After two difficult years online during the pandemic and a lack of support from the community, Roach said the planning committee for Social Justice Week wasn’t initially sure they wanted this year’s event to run. After careful consideration, they decided this would be the final one.

“It’s now a time for reflection,” she said. “It’s a time for us to think about whether it’s reasonable for us to have to always beg for support; beg for space, time, energy, resources and so on from the university.”

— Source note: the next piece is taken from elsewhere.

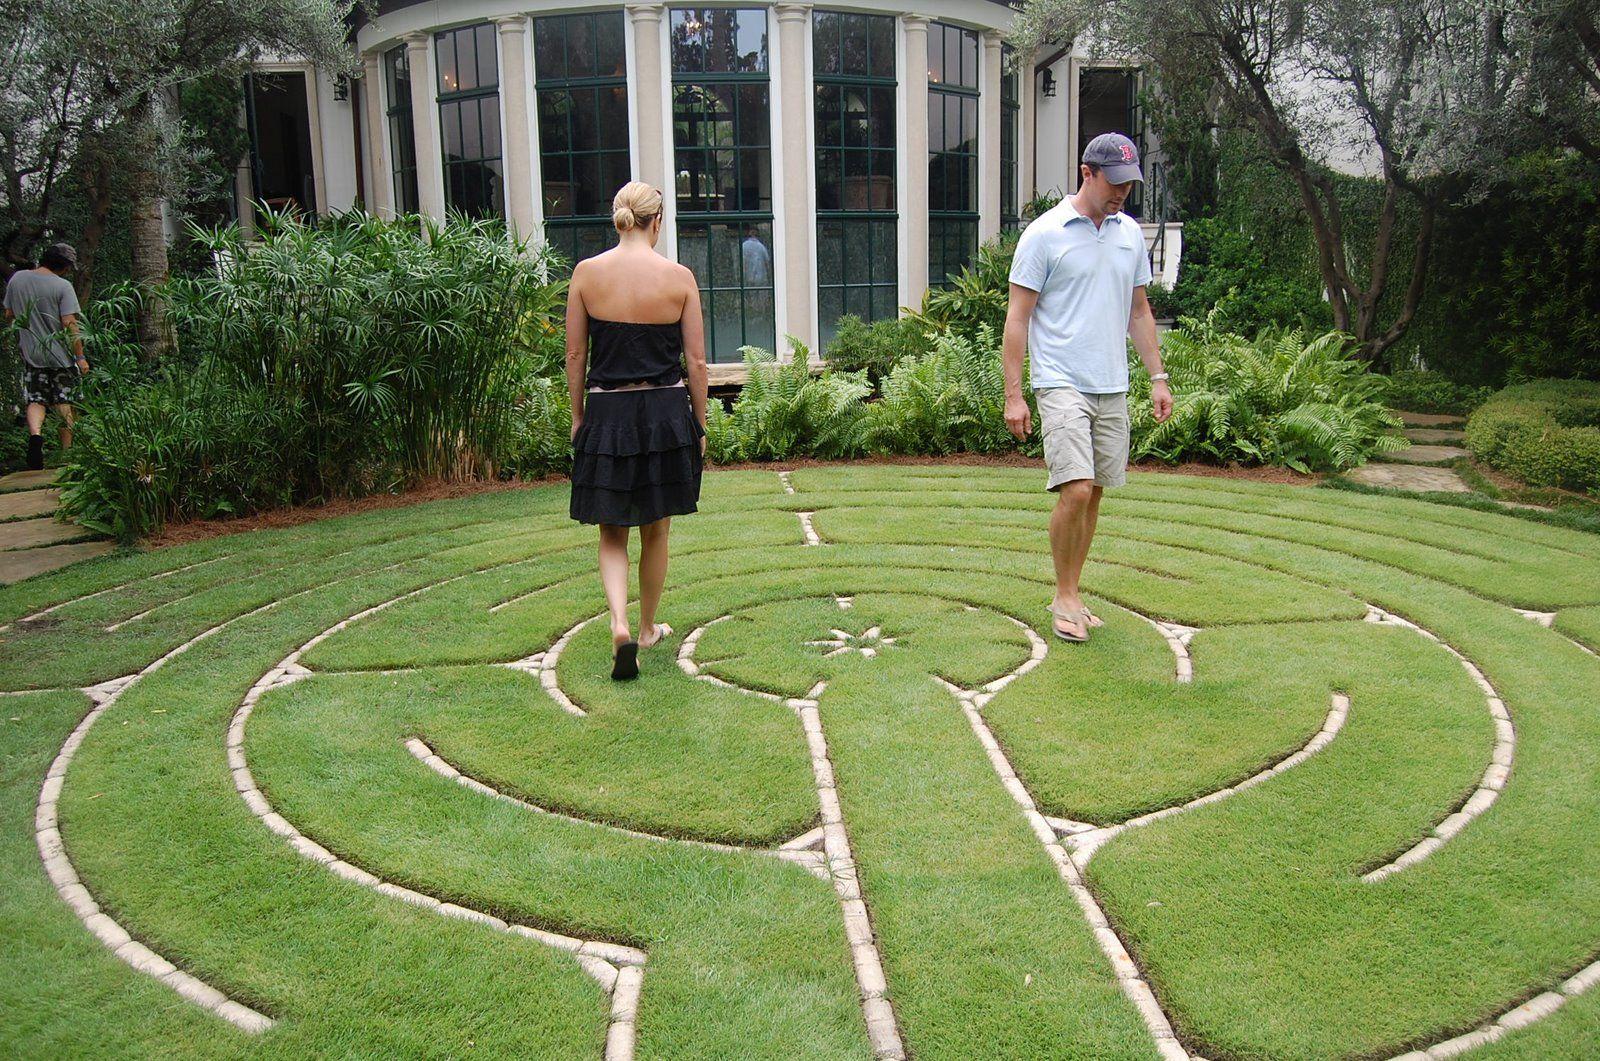 backyard labyrinth very simple and elegant labyrinths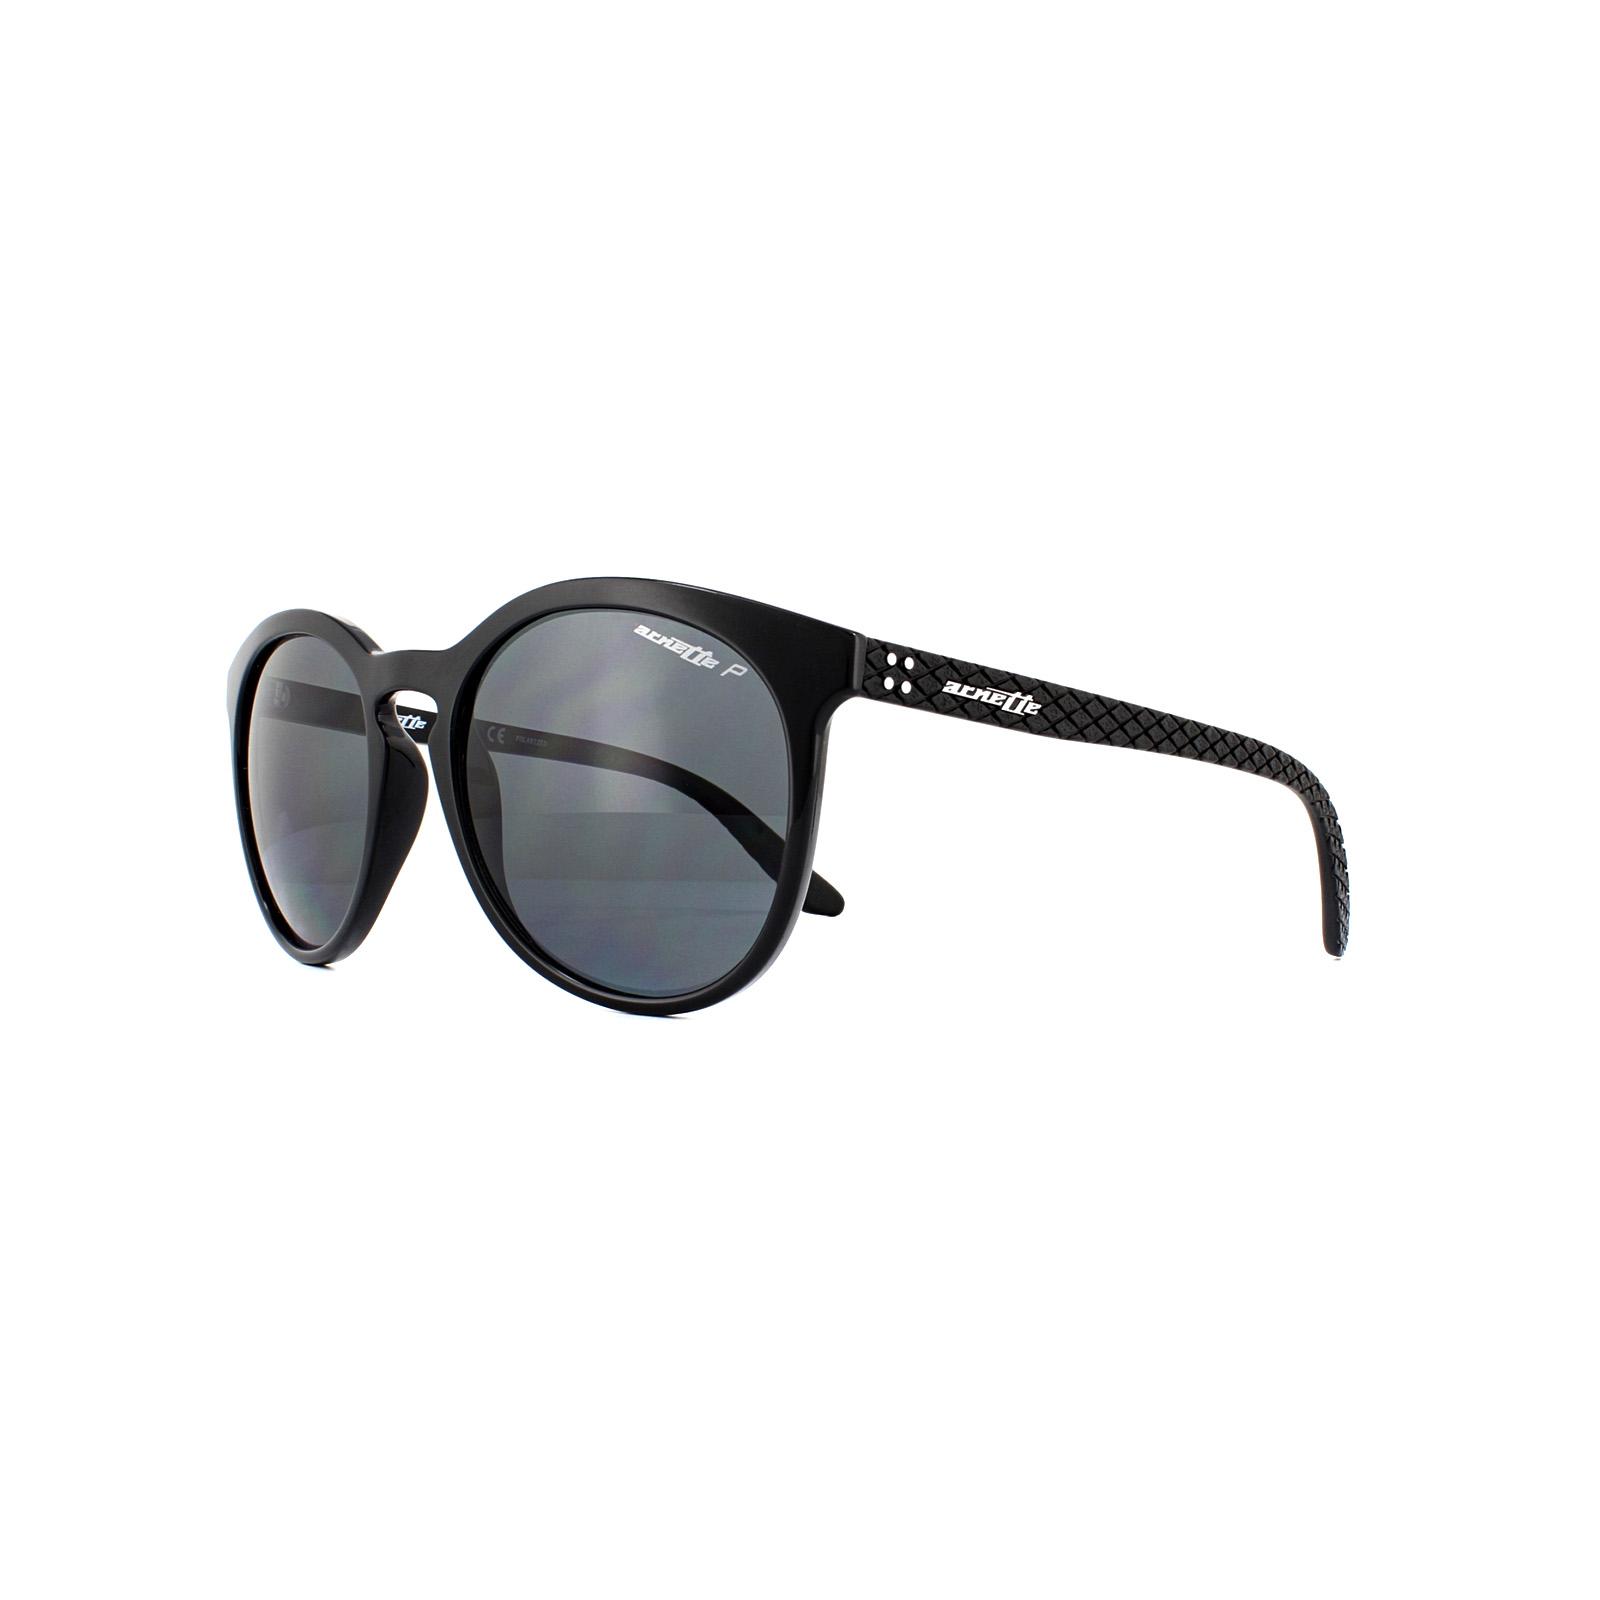 44b09a5b350 Sentinel Arnette Sunglasses Chenga R 4241 41 81 Matte Black Grey Polarized

The Eyeopener reached out to the university for comment on this year’s Social Justice Week being the final one and the school’s role in the decision for it to come to an end. Despite reaching out multiple times for comment from the school, The Eye was forwarded back to Roach for more information on Oct. 4. After a final attempt at getting comment on Oct. 7, The Eye was once again told on Oct. 14 that there was not yet any comment.

Roach explained that she doesn’t want the initial goal of social justice week to be lost. She remains hopeful that students in future years will continue advocating for change throughout the university.
“Although Social Justice Week might go away, it doesn’t mean that the dialogue stops,” she said. “It just might look different, depending on who shows up and what they do.”

Roach described feeling that this was “a full circle moment” as the week ended and students came up to her, wanting to “continue these conversations.”

“This is what Social Justice Week is all about,” Roach said. “It’s trying to train our lens on moving beyond the kind of static sort of language that we hear often about equity, diversity, inclusion, to actually hearing the voices of the people who are so often left out of the narrative.”

Correction: In a previous version of this story, a source’s name was misspelled. The Eye regrets this error.